Friday, July 20, 2007

The Sarbanes-Oxley Act

The Sarbanes-Oxley Act, also known as the Sarbox Act was enacted following the Enron scandal after many investors lost their money, key executives went to jail and a large "Big Five" accounting firm, Arthur Andersen, was forced to close down, resulting in today's "Big Four" accountancy firms. According to CPA News Today, the "Big Four" accounting firms are: Deloitte, Ernst & Young, KPMG LLP and Price Waterhouse Coopers.

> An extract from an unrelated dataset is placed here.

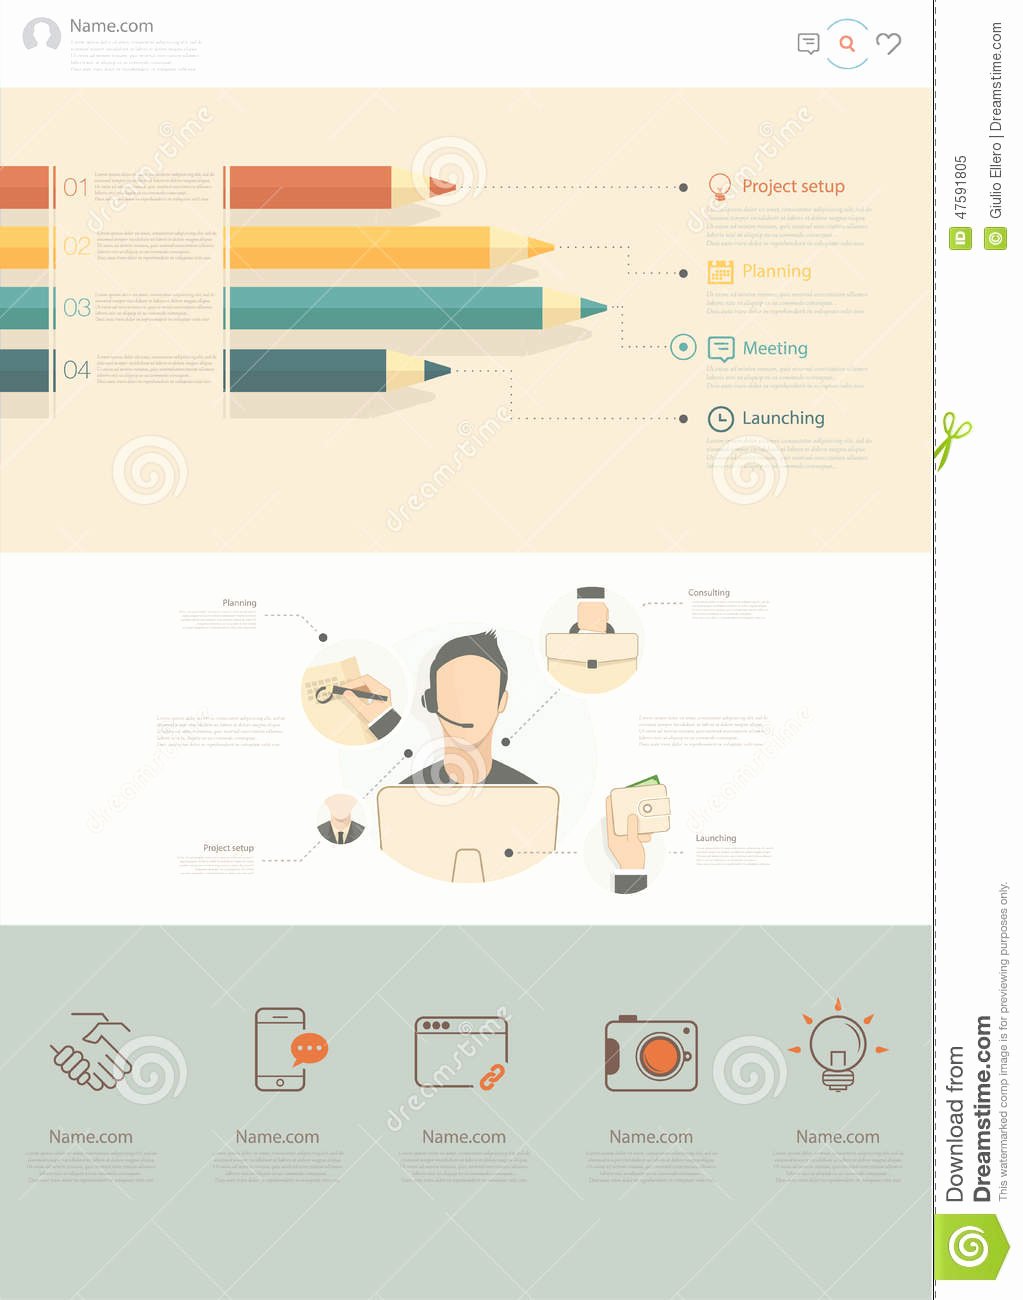 Business One Sheet Template Best Of Flat Website Design Template with Business Illustrations

Meanwhile, after the Securities and Exchange Commission (SEC) required all publicly-traded companies to comply with the Sarbanes-Oxley accounting standards, certified public accountants (CPAs) are racking in big bucks due to the extra work. Fresh graduates from college enter the rapidly growing field with great haste. Many managerial consultants and attorneys begin to specialize in Sarbox compliance and regulation consulting.

However, the new Sarbox act is not just good for consulting professionals, it is beneficial to shareholders as well. Hopefully, no more outrageous and illegal greed from executives. Financial reporting standards are also more transparent for people to better understand public corporations. All in all the Sarbanes-Oxley Act is beneficial to the entire economy in terms of morals and money.

6 comments:

Anonymous said...

Nicely written article.

Anonymous said...

yeah. great article, friend. i have a couple relatives who are CPA and i have seen they have become richer.

Anonymous said...

Sarbox sounds like a disease. lol. But back to the main story, I knew some people that worked at Enron who told me to buy their stock. Good thing I didn't fall for it.

Anonymous said...

Enron. The Smartest Kids in the Room.

Anonymous said...

Yeah, that's a decent summary of Sarbox. For more information, feel free to check out http://stocksmutualfundsonlineinfo.blogspot.com

OR

wikipedia

http://en.wikipedia.org/wiki/Sarbox

Have fun!

Anonymous said...

I guess Enron case was so huge at its time that the SEC even enables Sarbox act prior to it.